Clustering by the CFG and the DFG would require measuring two pairwise graph edit distances over the full dataset. These are complex operations whose computational cost grows exponentially on the graphs and dataset size. Therefore, our approach is rather feature-based. We derive a feature vector composed of numeric values calculated from the characteristics of both graphs, CFG and DFG. This vector contains 11 features, namely: connected_components, the number of connected components in the control flow graph (i.e., being an intra-procedural representation, the multiple procedures have no connection in the graph); loop_statements, the number of loop statements (e.g., for, foreach, while, and do... while) in the program; conditional_statements, the number of conditional statements (e.g., if) in the program; cycles, the number of different cycles in the control flow graph; paths, the number of different paths in the control flow graph; cyclomatic_complexity, a software metric that measures the complexity of a program by analyzing its control flow (i.e., it provides a quantitative measure of the number of possible execution paths in the program); variable_count, the number of variables used in the program, excluding variables which are never read; total_reads, the total number of read operations on variables; total_writes, the total number of write operations on variables; max_reads, the maximum number of read operations on single variable; and max_writes, the maximum number of write operations on single variable. Table 1 summarizes the features of the model.

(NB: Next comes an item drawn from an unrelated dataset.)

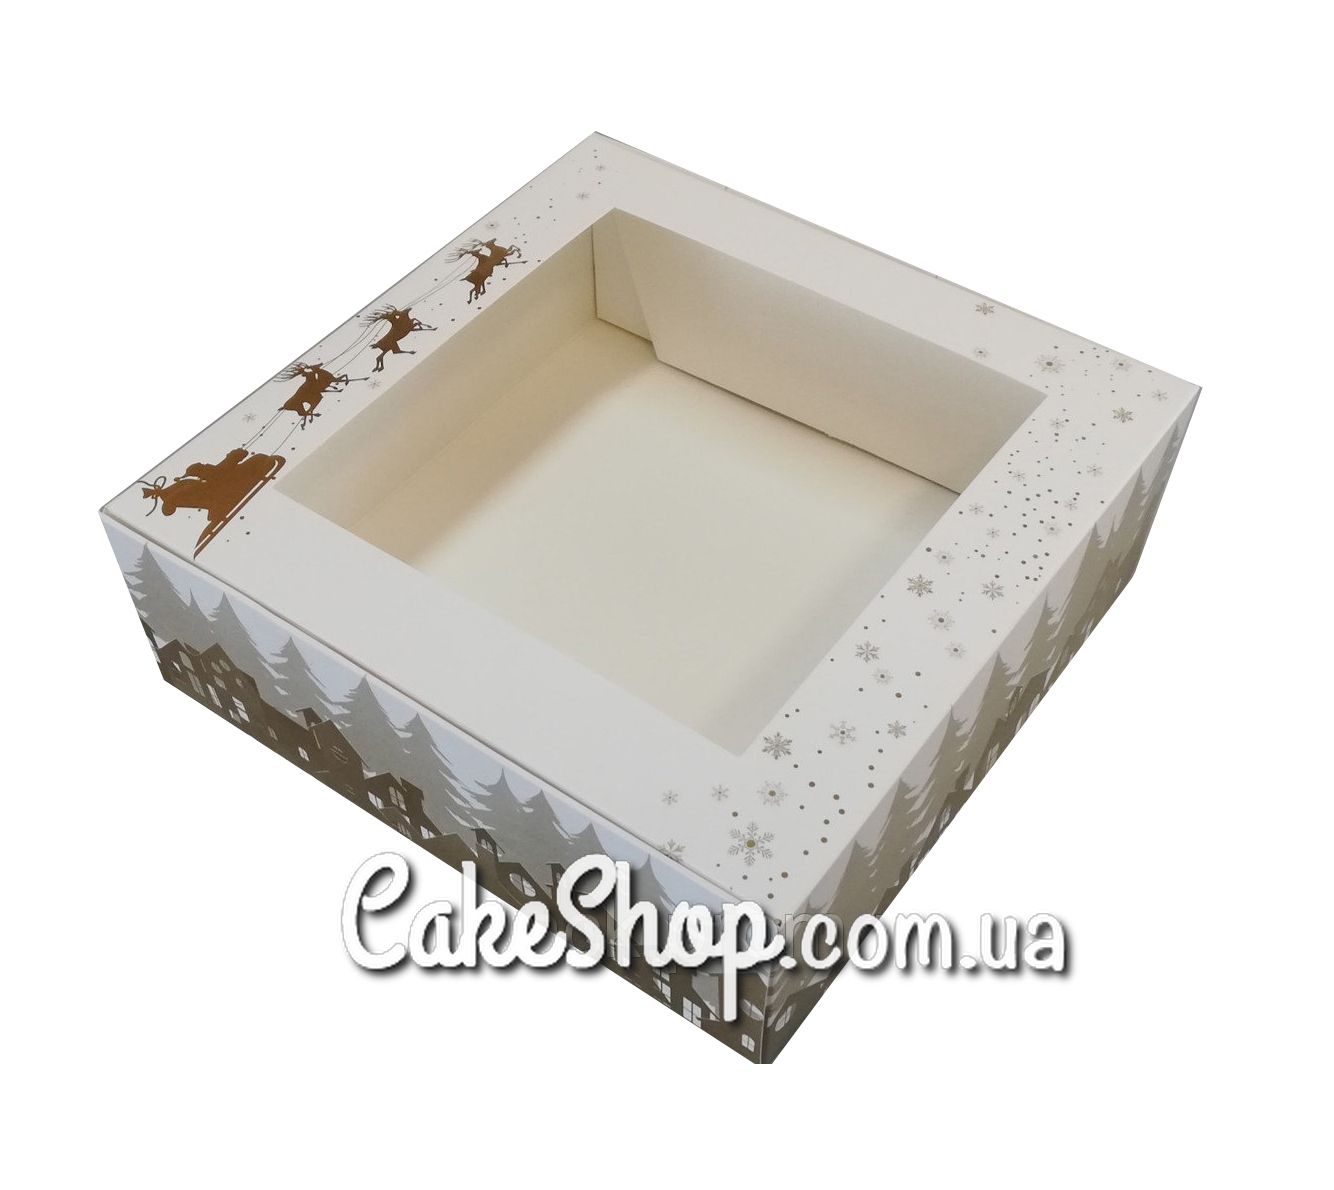 ⋗ Коробка для зефира с окном принт ЗОЛОТО, 20х20х7 см купить в Украине ➛ CakeShop.com.ua, фото
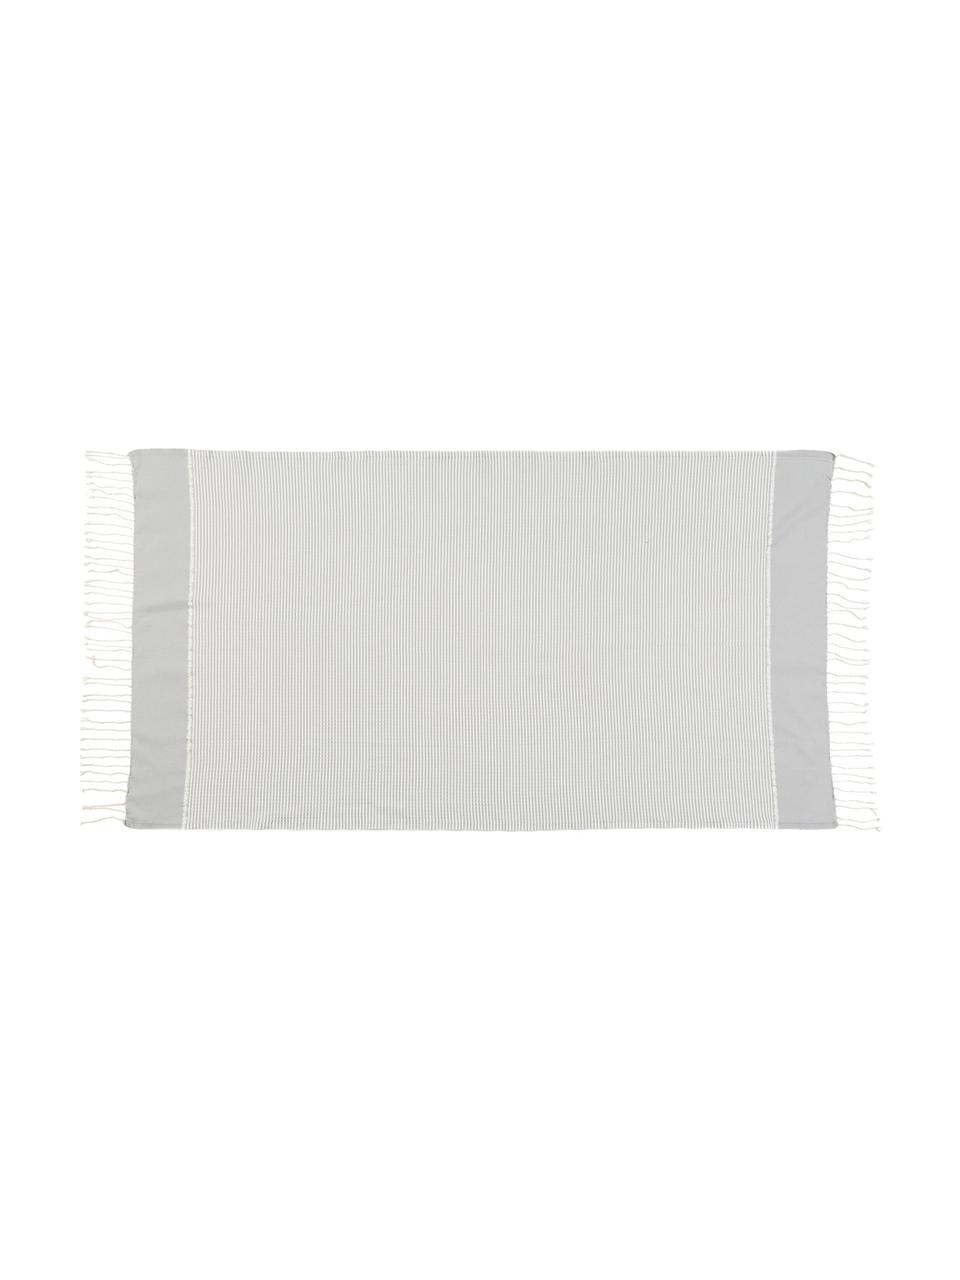 Set de toallas con tejido lúrex Copenhague, 3 uds., Gris perla, plateado, blanco, Set de diferentes tamaños

As the order of execution of instructions has the most relevance in the algorithmic strategy of the solution, we decided to split the weight of the data flow features. Among these, the variable_count weighs more, as the others are dependent on it by definition. The summed weight of all these features is the same as that of a single control flow feature. Moreover, we have scaled the data so that it has zero mean and unit variance. For that, running means and variances are maintained for each feature. Even though, for being incremental, the exact means and variances are not known in advance, this does not have a detrimental impact in the long term.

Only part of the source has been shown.